Abstract

Type 1 diabetes mellitus (T1DM) is an autoimmune disease whose etiology involves genetic predisposition as well as environmental factors. Polymorphisms of some genes are among the most important genetic factors that influence autoimmunity. Gender is another important factor affecting autoimmunity. Females are more susceptible to autoimmune diseases which may be due to the effect of sex hormones on the immune system activity.
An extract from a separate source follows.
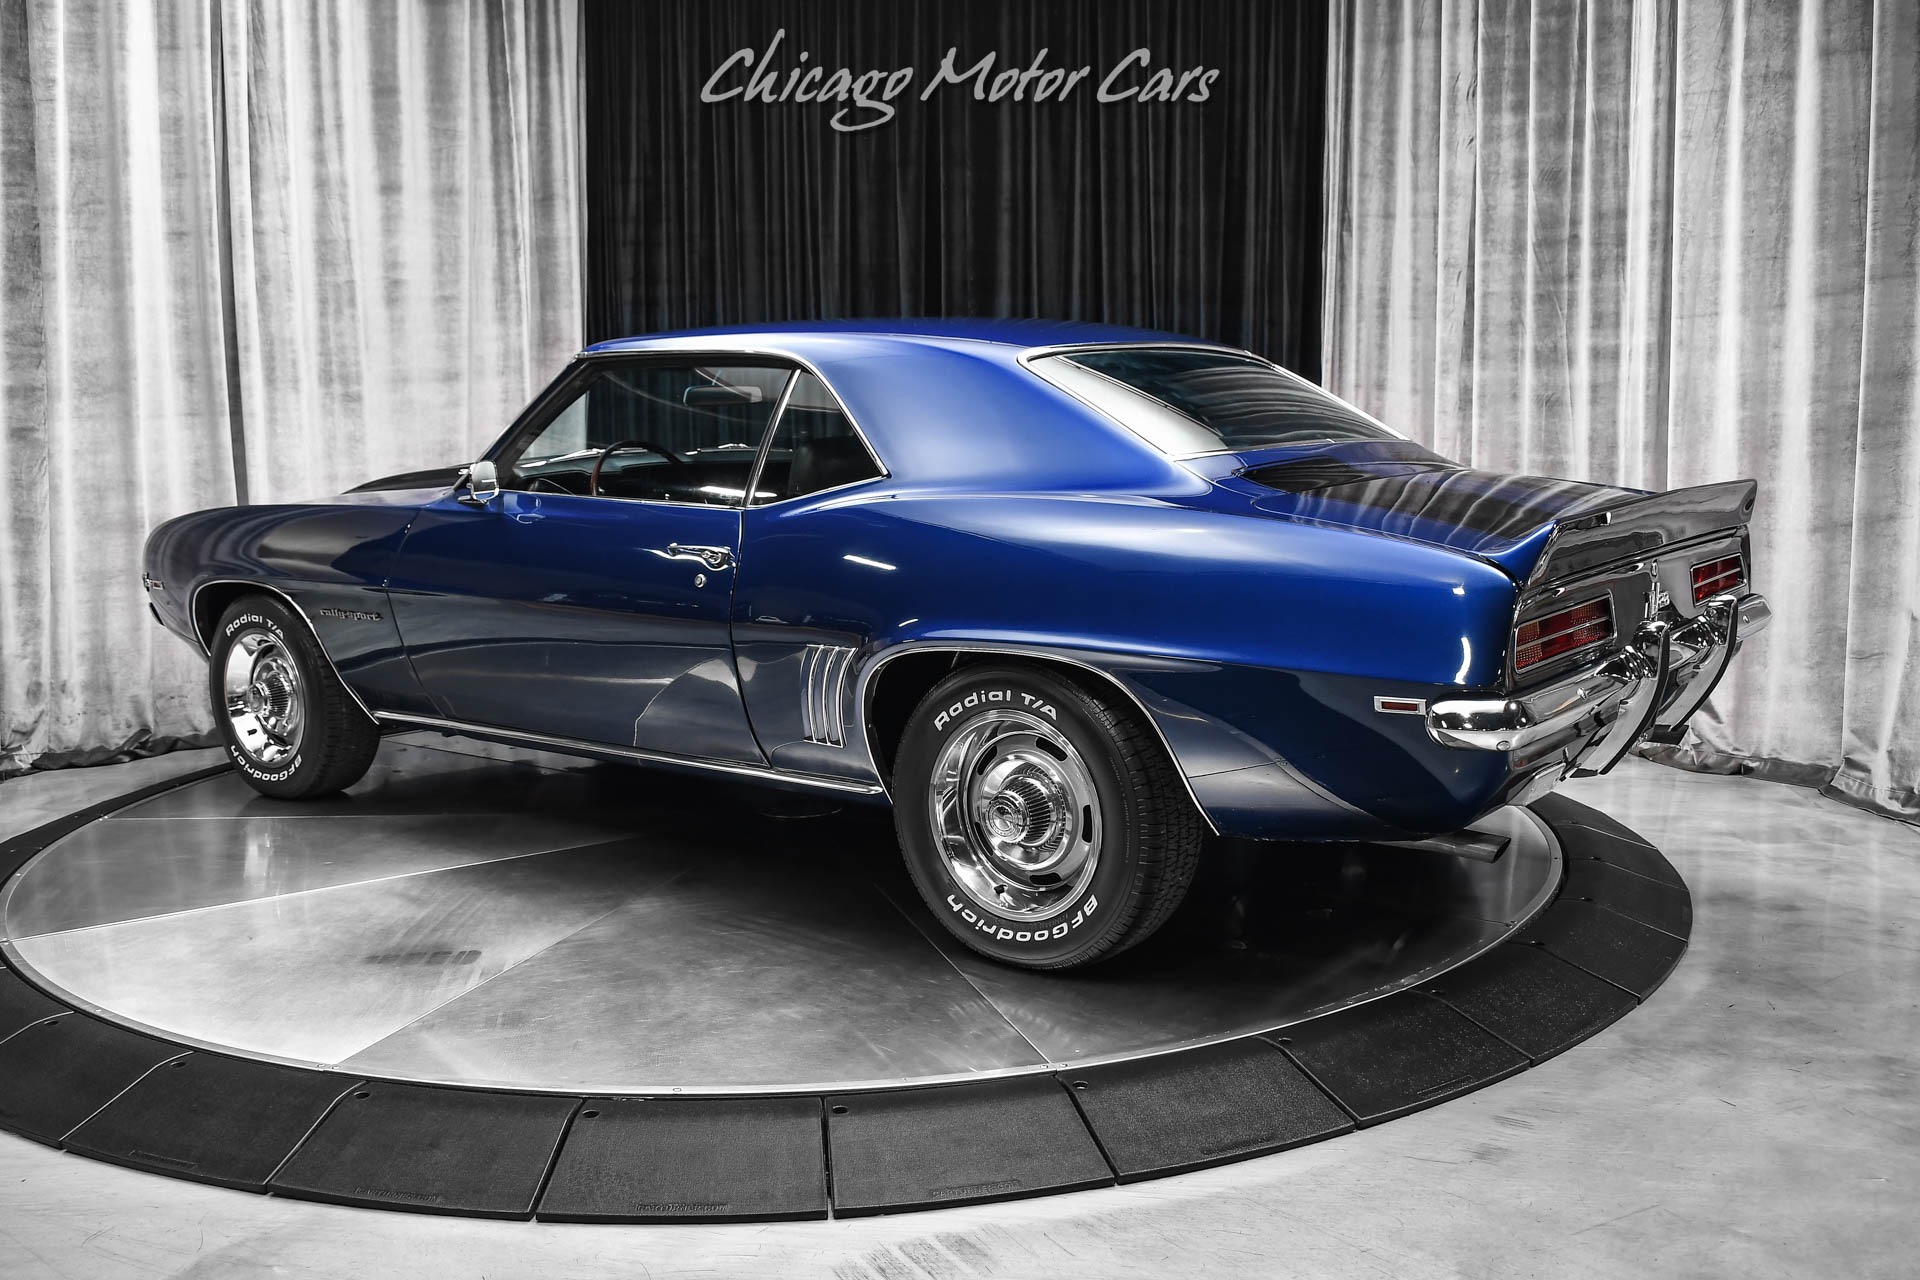 Used-1969-Chevrolet-Camaro-Z28-RS-Coupe-Frame-Off-Restoration-4-Speed-Manual-Stunning

The metabolic effects of estrogen are mediated through its receptor - alpha. The exact mechanism is not well understood. A number of polymorphisms have been reported in the Estrogen Receptor- alpha (ER-alpha) IVS1 397 T>C gene which may be involved in the pathogenesis of diabetes. To assess the influence of Estrogen Receptor- alpha gene [IVS1-397 T>C] polymorphism on vascular complications of type1 diabetes mellitus in pubertal females and on the glycemic control. This cross-sectional case-control study included 40 pubertal regularly menstruating girls less than 18 years with type 1 diabetes mellitus recruited from the Pediatric Diabetes Clinic, Children's Hospital, Ain-Shams University and 20 healthy age-and sex-matched controls. Estrogen receptor alpha genotypes were analyzed by Restriction Fragment Length PCR and correlated with both clinical and laboratory parameters in the studied cases. ER-alpha was chosen as it might play a role in diabetes pathogenesis. The study revealed the TC genotype was the most prevalent genotype of the estrogen receptor. The TT genotype patients had a younger age of onset of T1DM. The prevalence of obesity was higher among TC and TT than in CC bearing patients. In addition, CC genotype patients had the least prevalence of microalbuminuria and had better glycemic control than other genotypes. Our findings suggest that Estrogen receptor- alpha gene may be affecting the age of onset of Type1 diabetes mellitus in pubertal girls as well as the glycemic control of these patients, where CC bearing girls had better glycemic control than other genotypes and less incidence of microalbuminuria.